**WHAT IS REQUIRED:** Could you repeat the listing below exactly while leaving its pictures behind?

**DATA BLOCK:**
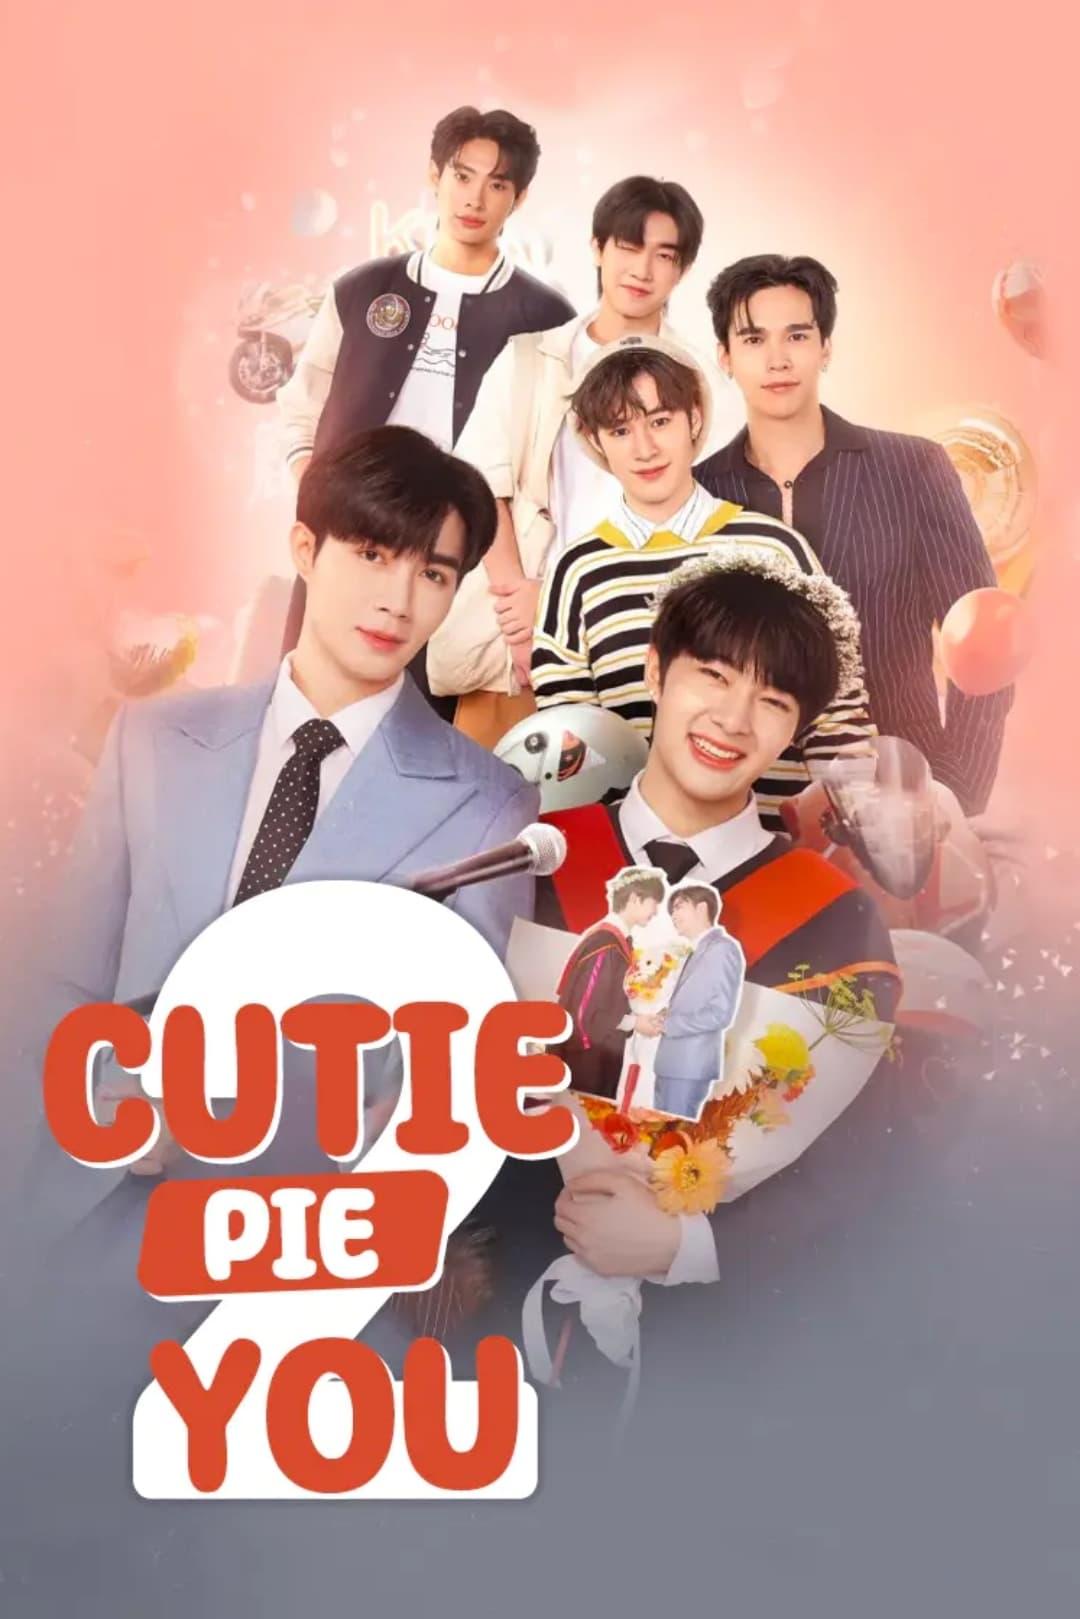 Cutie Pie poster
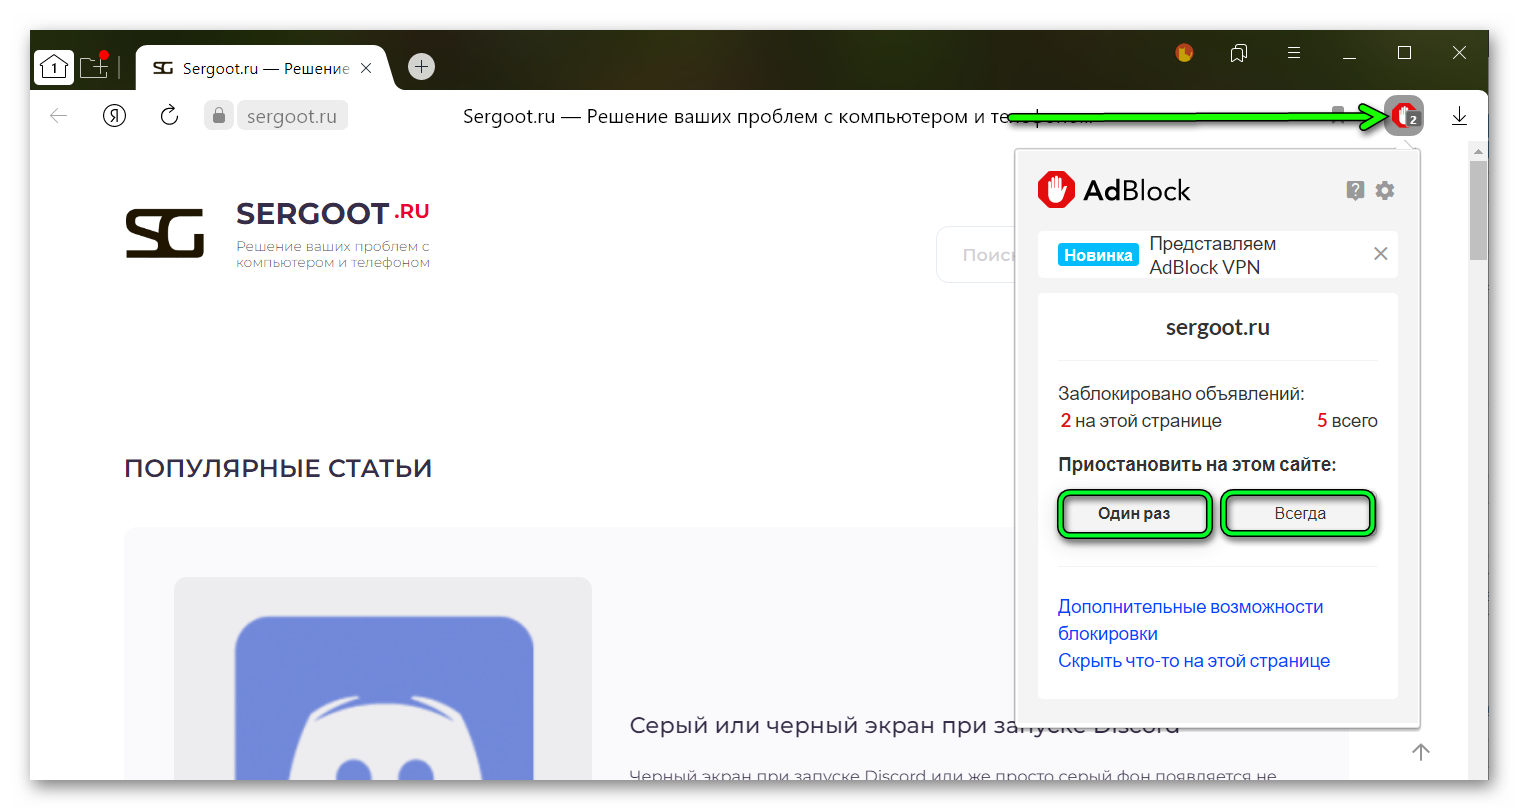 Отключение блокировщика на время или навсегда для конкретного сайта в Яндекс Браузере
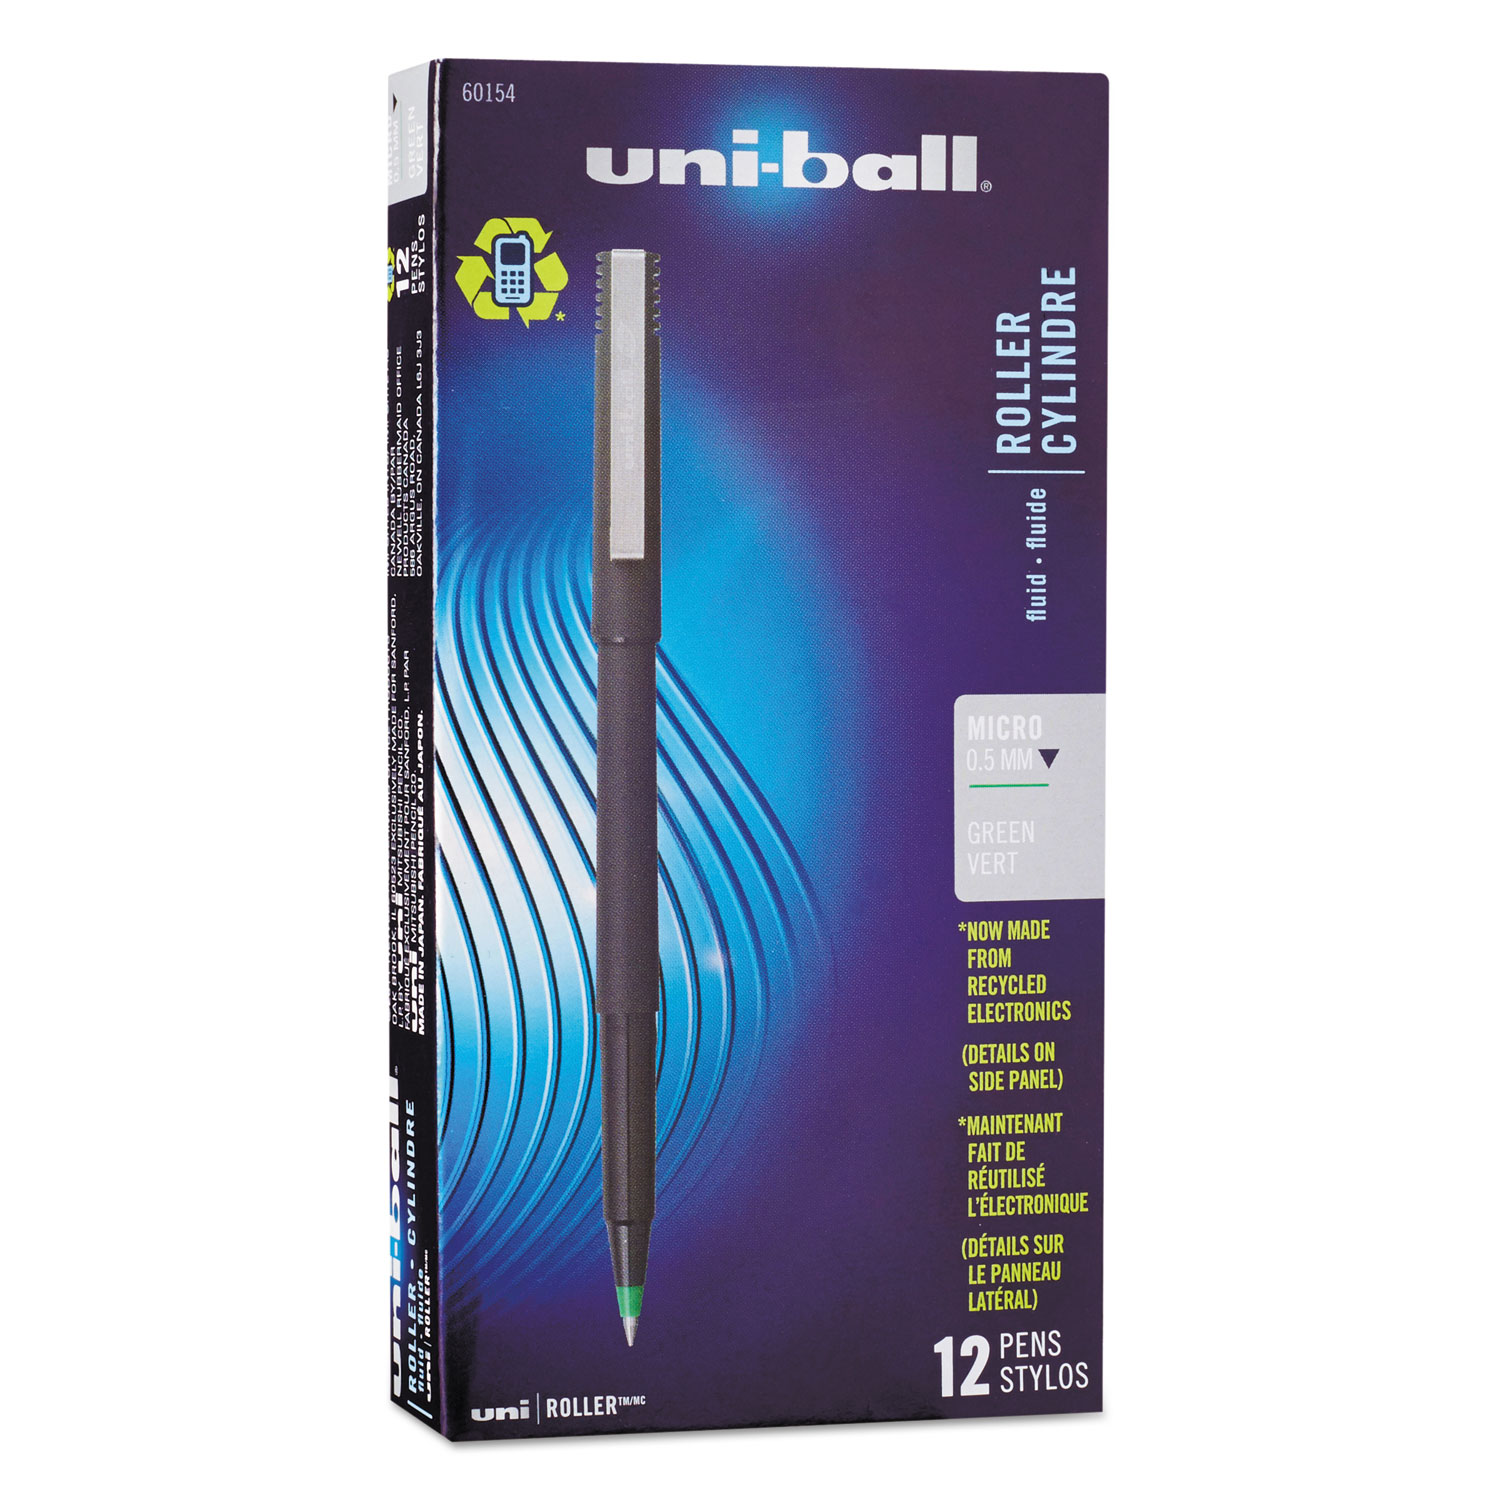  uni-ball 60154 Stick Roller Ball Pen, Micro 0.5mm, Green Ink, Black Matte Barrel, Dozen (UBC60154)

**EXERCISE SOLUTION:**
 Cutie Pie poster
 Отключение блокировщика на время или навсегда для конкретного сайта в Яндекс Браузере
  uni-ball 60154 Stick Roller Ball Pen, Micro 0.5mm, Green Ink, Black Matte Barrel, Dozen (UBC60154)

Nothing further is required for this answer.